An Efficient Federated Learning Framework for Training Semantic Communication System
Loc X. Nguyen, Huy Q. Le, Ye Lin Tun, Pyae Sone Aung, Yan Kyaw Tun,, Zhu Han, Choong Seon Hong

TL;DR
This paper proposes a federated learning framework for semantic communication systems that preserves privacy, reduces communication overhead, and demonstrates improved performance through extensive simulations.
Contribution
It introduces FedLol, a novel federated learning method tailored for semantic communication, addressing privacy, bandwidth, and resource constraints.
Findings
FedLol outperforms baseline methods in simulations.
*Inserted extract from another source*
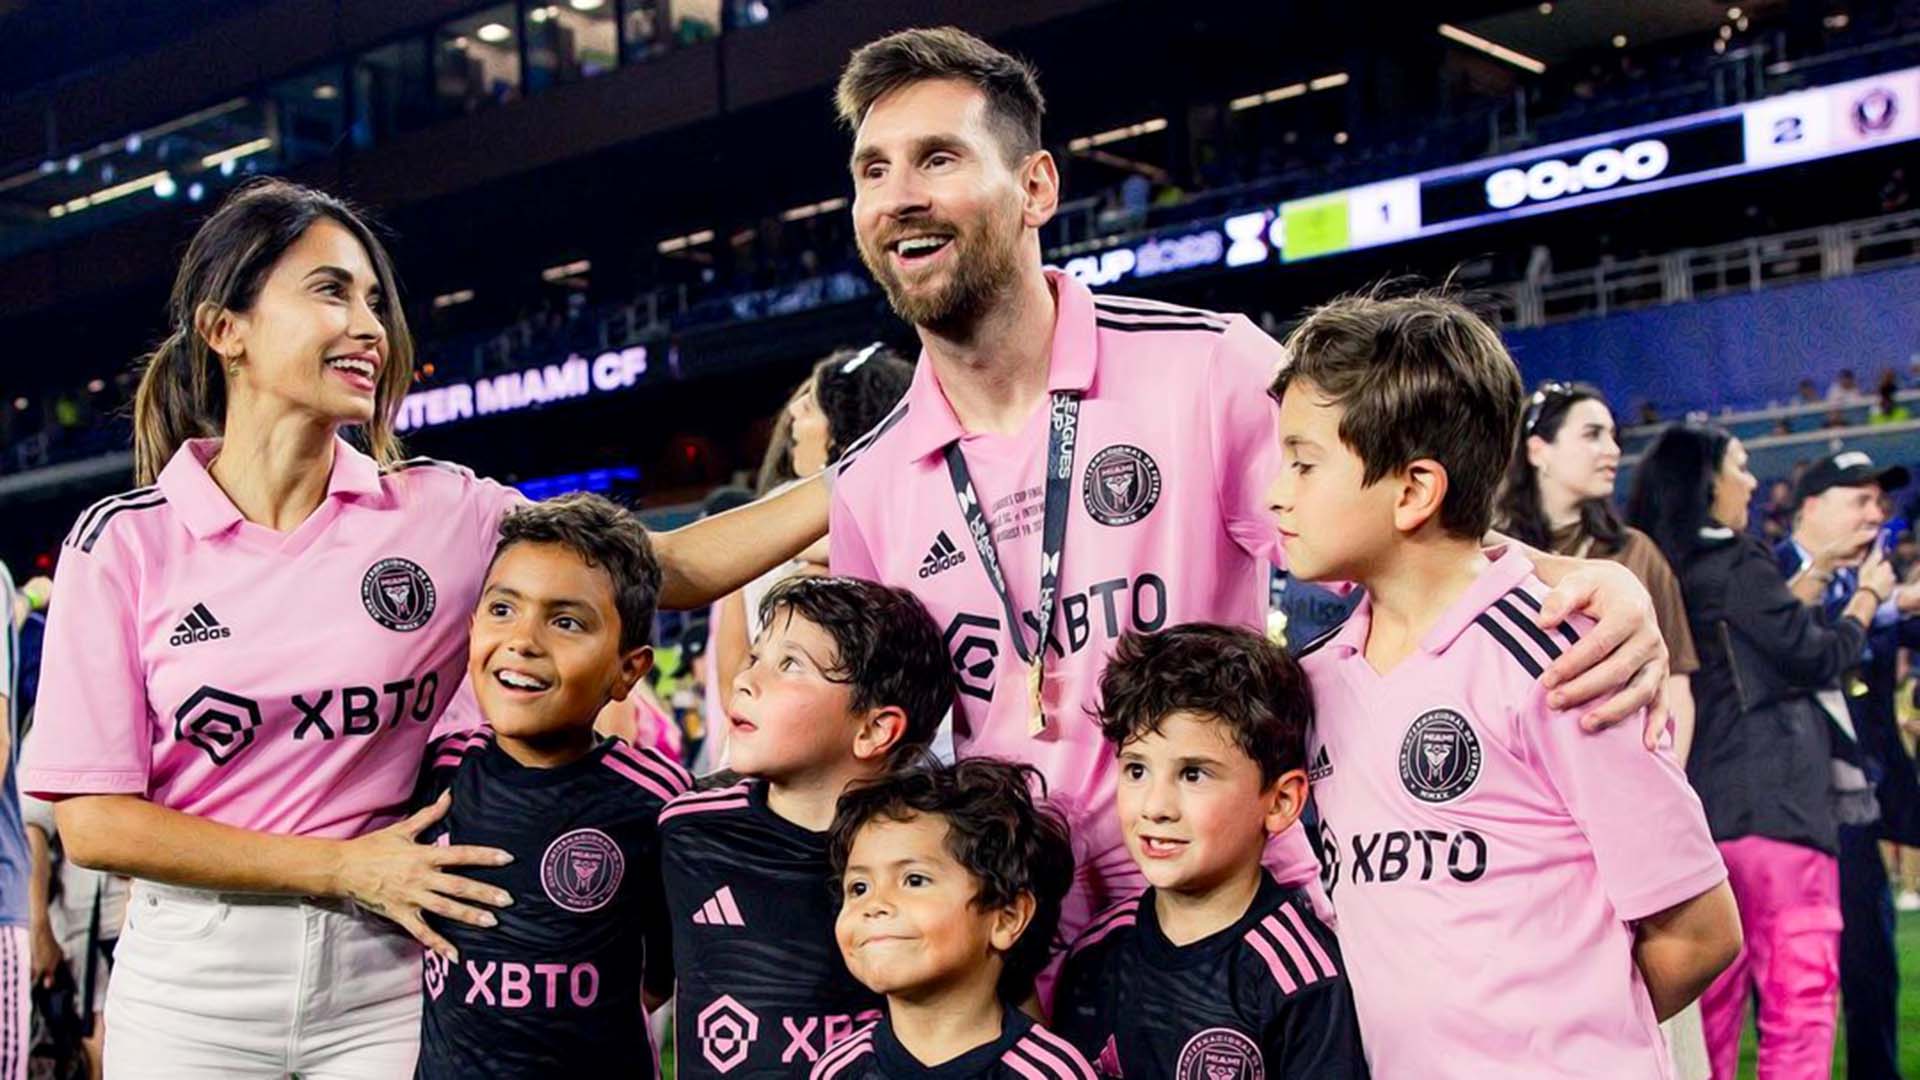 La afición se ha volcado con el equipo y a Messi se le nota mucho más feliz que en París: “Me hacen sentir en mi casa. Para nosotros fue espectacular desde que llegamos”.

Significant bandwidth savings achieved.
Enhanced privacy preservation in training.
Abstract
Semantic communication has emerged as a pillar for the next generation of communication systems due to its capabilities in alleviating data redundancy. Most semantic communication systems are built upon advanced deep learning models whose training performance heavily relies on data availability. Existing studies often make unrealistic assumptions of a readily accessible data source, where in practice, data is mainly created on the client side. Due to privacy and security concerns, the transmission of data is restricted, which is necessary for conventional centralized training schemes. To address this challenge, we explore semantic communication in a federated learning (FL) setting that utilizes client data without leaking privacy. Additionally, we design our system to tackle the communication overhead by reducing the quantity of information delivered in each global round. In this way,…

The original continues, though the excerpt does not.